Unleashing Youth Power
To eradicate FGMs raising awareness among global population is fundamental, especially new generations. For this reaseon this year’s Day theme is “Unleashing Youth Power: One decade of accelerating actions for zero female genital mutilation.” Despite this practice has been circulating for more than 1000 years, it is reasonable to think that FGMs may be put to an end by 2030.
Risper e Gladys
Key concepts to fight FGMs are human rights, gender equality, sexual education and attention to girls and women’s needs. Joint efforts are necessary to involve communities in this process. Since last year World Friends and CrescereInsieme have been promoting Il Femminile di Uguale project.

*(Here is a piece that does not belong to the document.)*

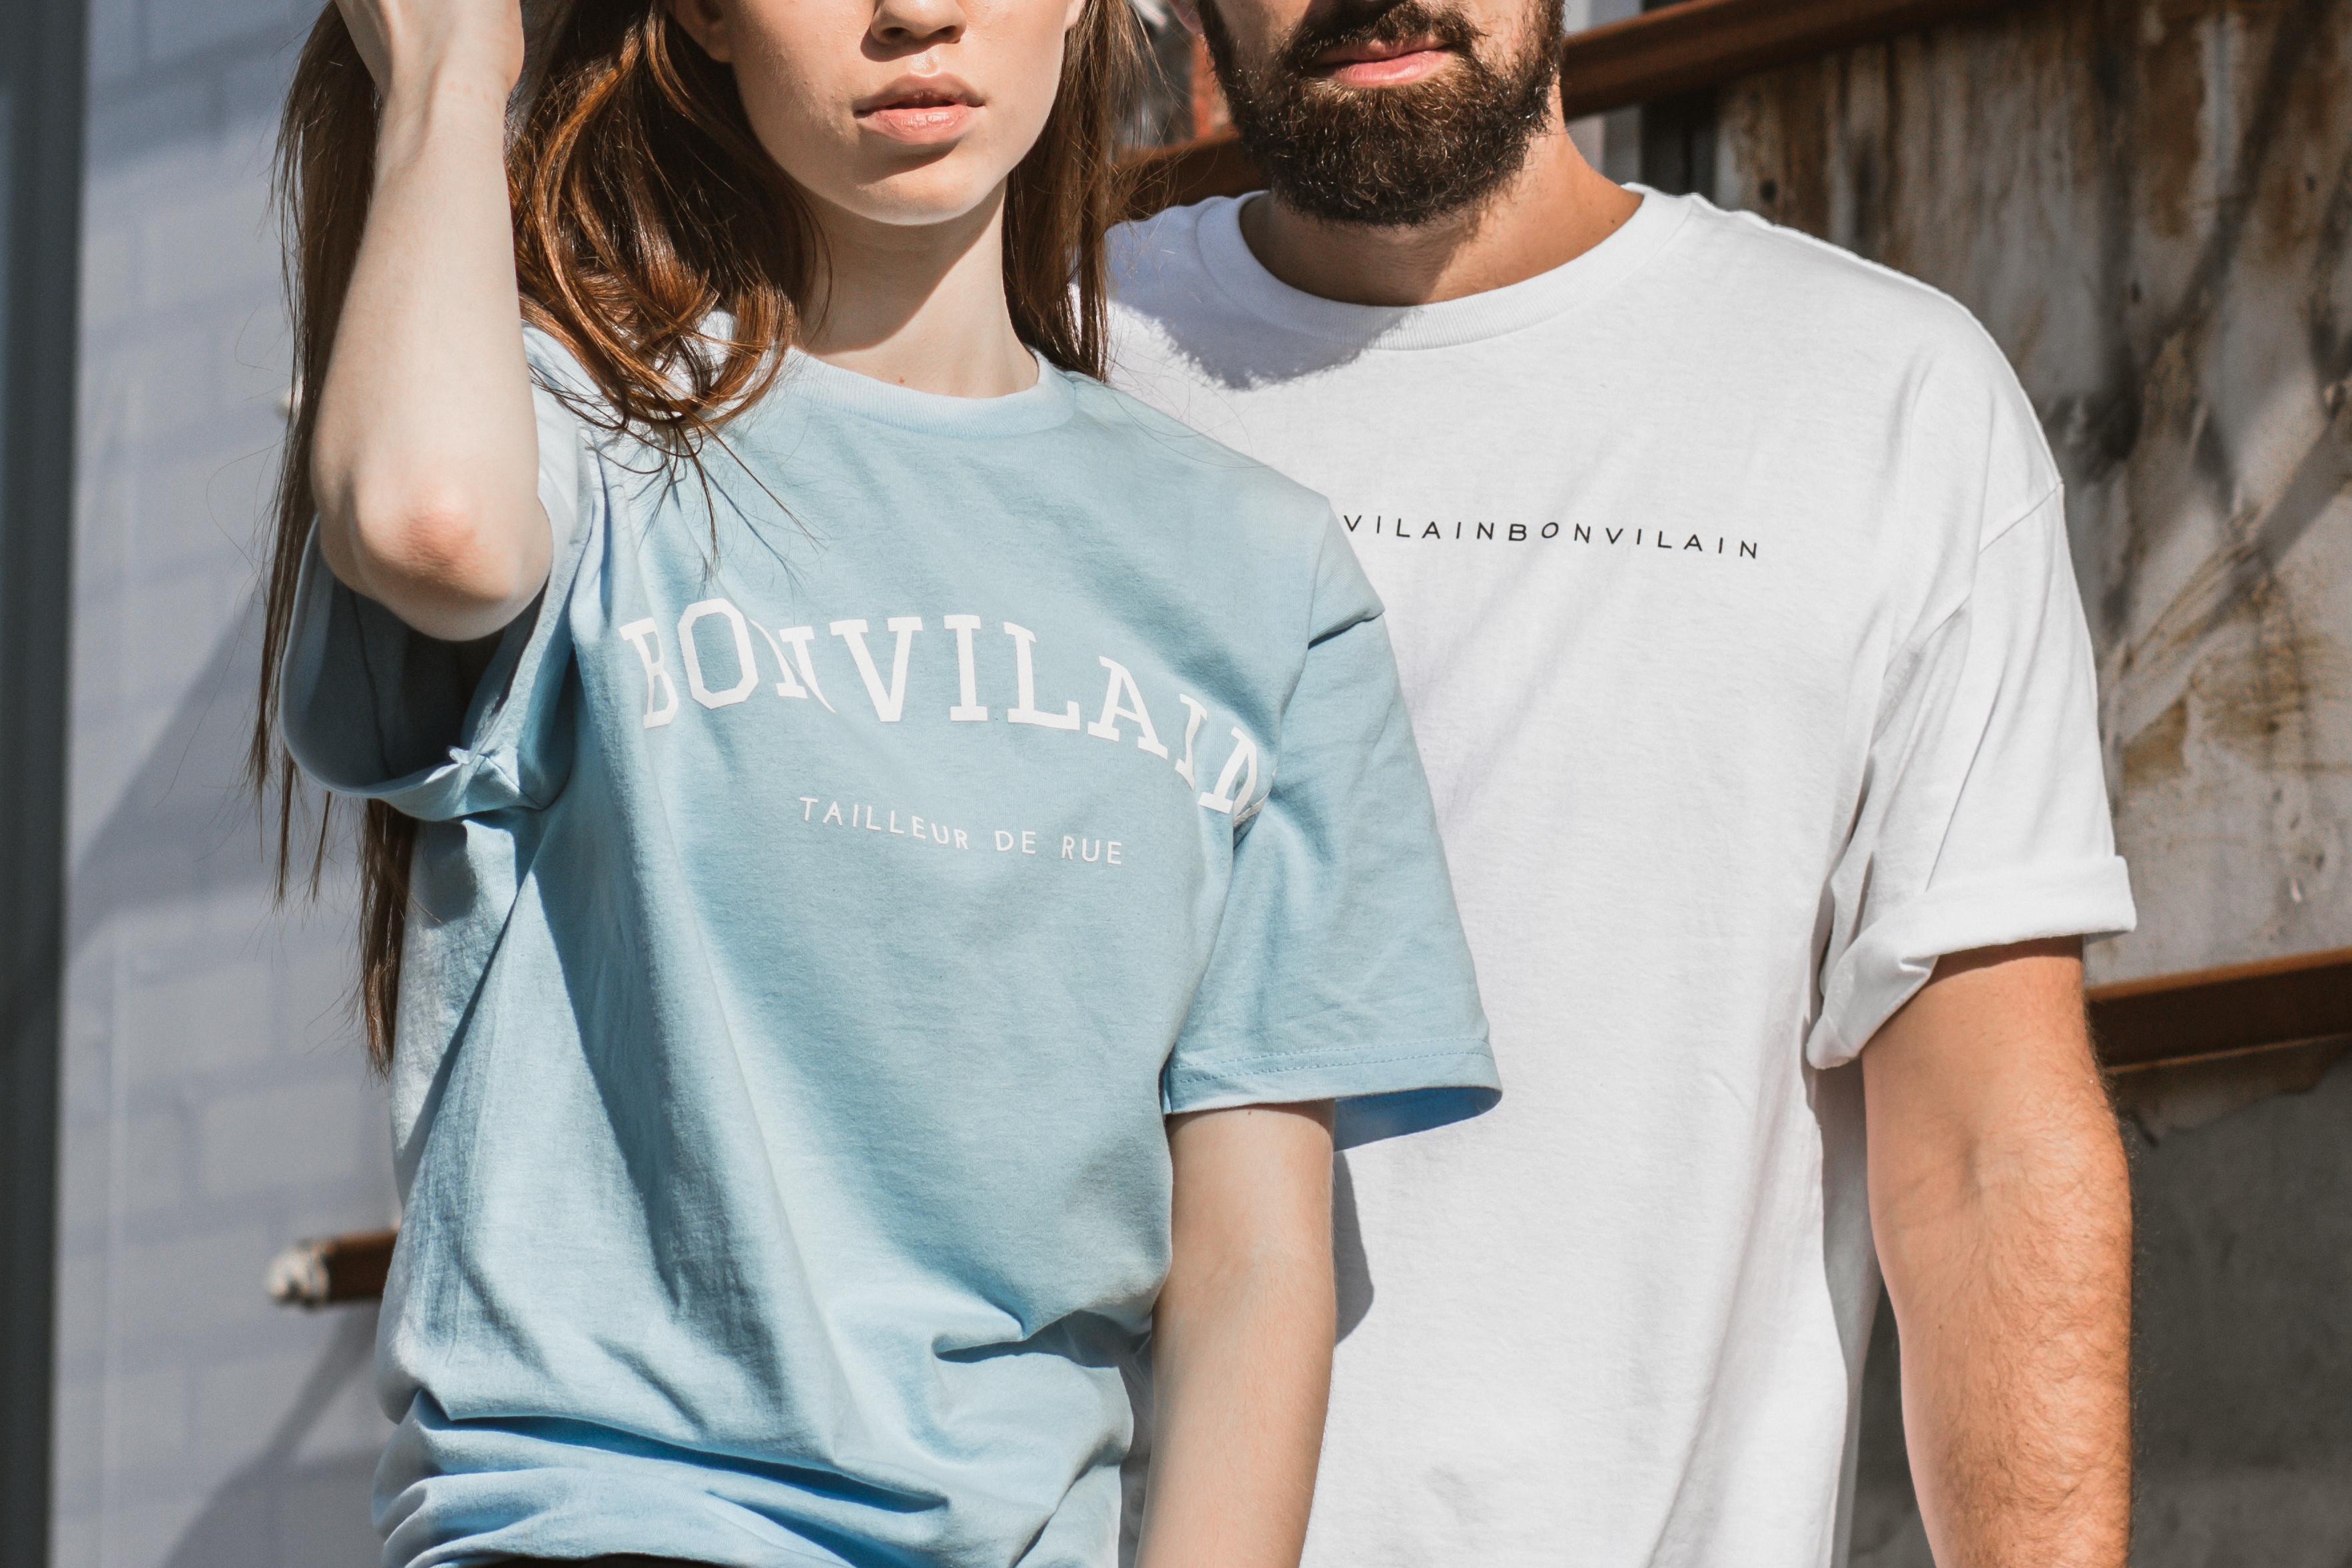 La collection Automne-Hiver Bonvilain
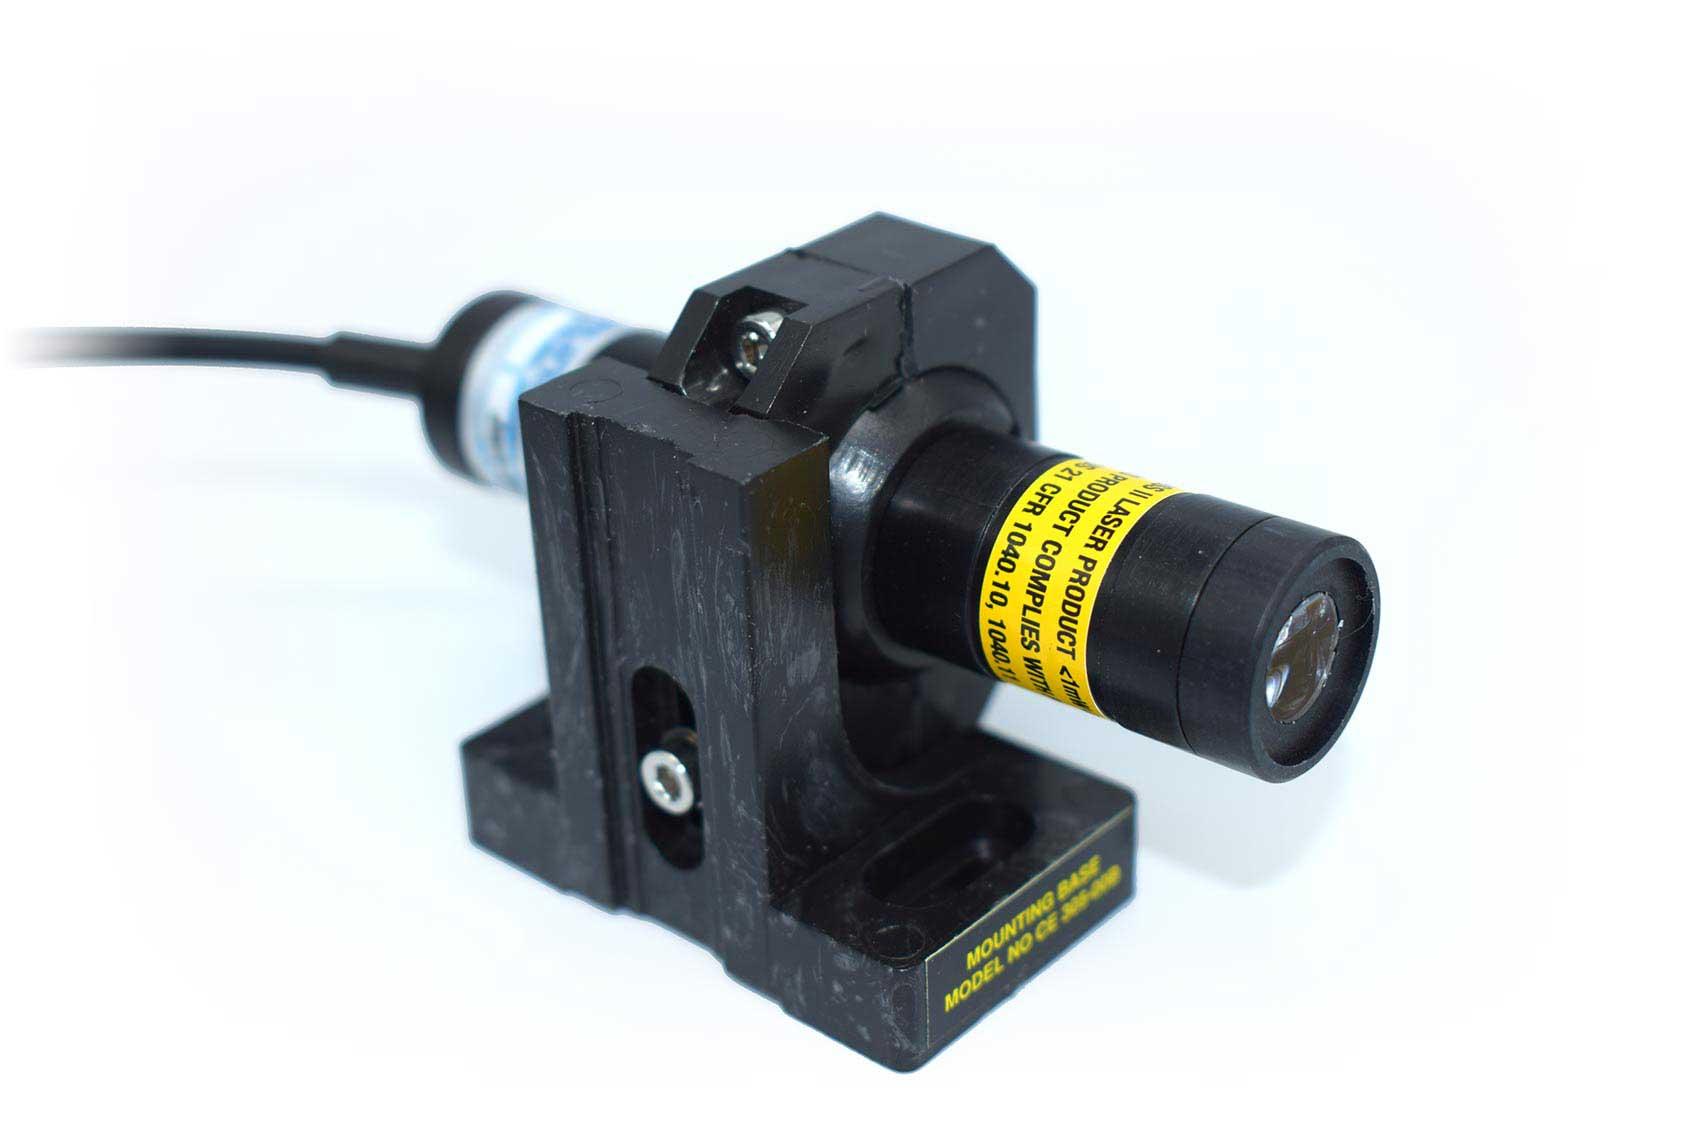 The Pico EC-805 Mini Laser - Cemar Electro

The project’s aim is to raise awareness among the population on Sustainable Development Goals, especially number 5, gender equality.
The story of the sisters Risper and Gladys offers a raw outlook on the drama of FGM. In rural areas of maasai highlands FGM is percieved as a “rite of passage”. Young Risper has undergone this practice at age 10 to wed afterwards. Her younger sister Gladys was luckier thanks to the intervention of the village chief, able to convince her father to let her daughter study. School and education have been an escape route from FGM for Gladys. However many girls today do not share such destiny.
Gladys: “I want to be a better person, I want to help the village and the girls of my age. Because I see the differences: when I was little all my brothers went to school, while we stayed at home. That happens to a lot of girls who don’t go to school.”